Submitted: 1 year ago.
Category: Relationship
Expert:  Elliott, LPCC, NCC replied 1 year ago.
Seeking expert testimony is a sign of strength. A personal relationship with a caring professional is proven clinically effective.

Dear friend,

This is an issue that is completely out of your hands. You did not create the situation. You have been kind and generous and you are being treated as if you did something wrong.

You cannot control your sister, and she is evidently able to manipulate others.

You can do nothing to change her.

You have extended yourself to your younger nephew. They have learend to be like their mother. This kind of behavior can be learned and can also be influenced by leverage she might apply to them or lies she might tell.

Your older nephew is fortunately his own person. This is the nugget of gold inside the pile of ore. Be thankful for him and treasure his friendship.

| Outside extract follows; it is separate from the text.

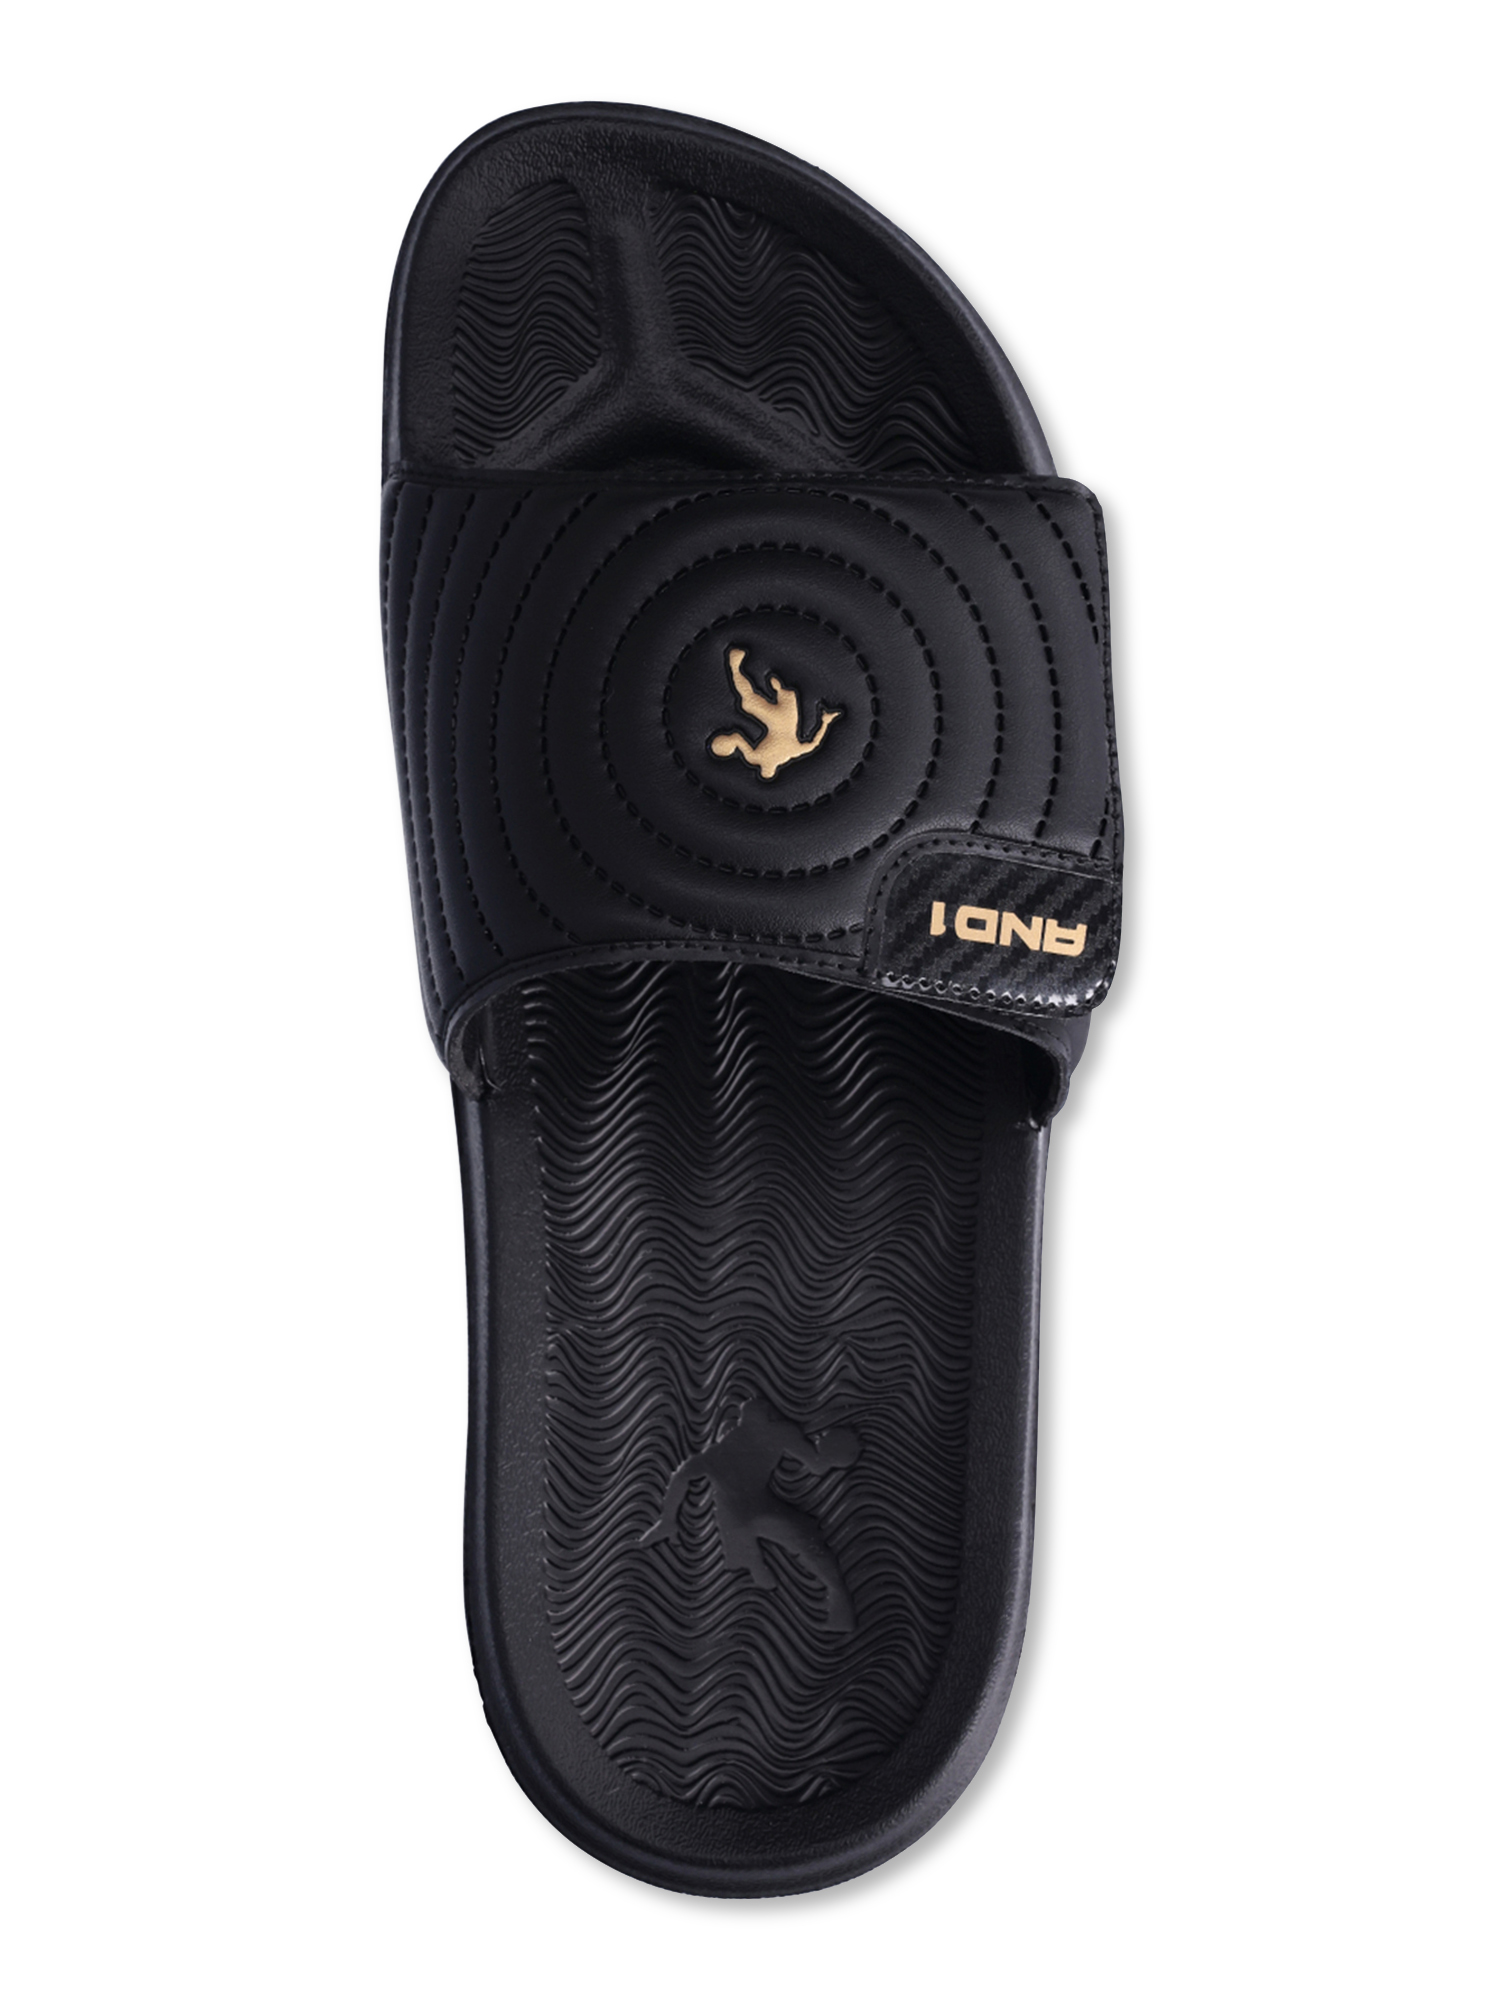 AND1 Men’s Athletic Adjustable Swirl Slide Sandals - Walmart.com
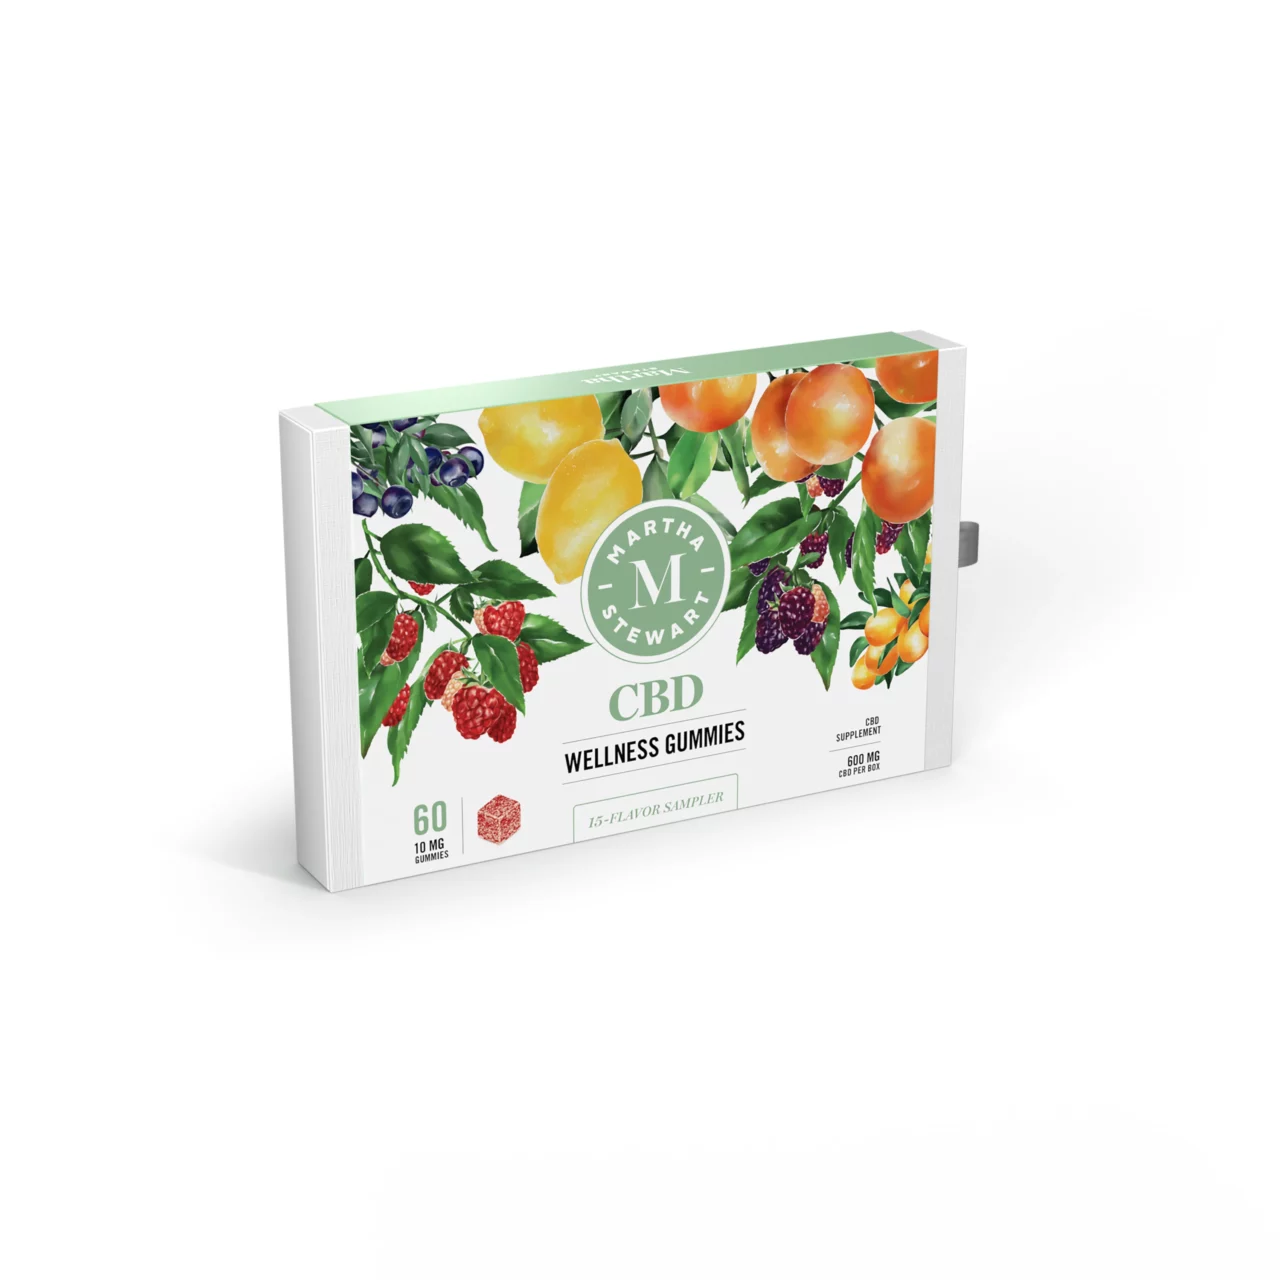 Martha Stewart CBD, 15 Flavor Sampler, Wellness Gummies, Isolate THC-Free, 60ct, 600mg CBD 1

Leave the others behind. You do not need further frustration and rejection from them.

If your sister had throat cancer and she stopped talking to you on that account, would you blame yourself?

Intead she has some sort of mental illness and is not talking to you. It is not your fault.

You cannot change her. You cannot make that part of the family cohesive.

Follow the very wise advice of your mother and leave the alone, say nothing, stop blaming yourself, and move on with other aspects of your life - things that you CAN control.

Your husband has also given you wise advice in telling you forget about them. You are shooting yourself in the foot, continuously, by repeatedly thinking about this and then feeling hurt.

She has already rejected you. It only hurts over and over when you keep thinking about it over and over. It is done. Please, for your sake, and for the sake of your family, stop making this so huge in your life. It is done. Please move forward.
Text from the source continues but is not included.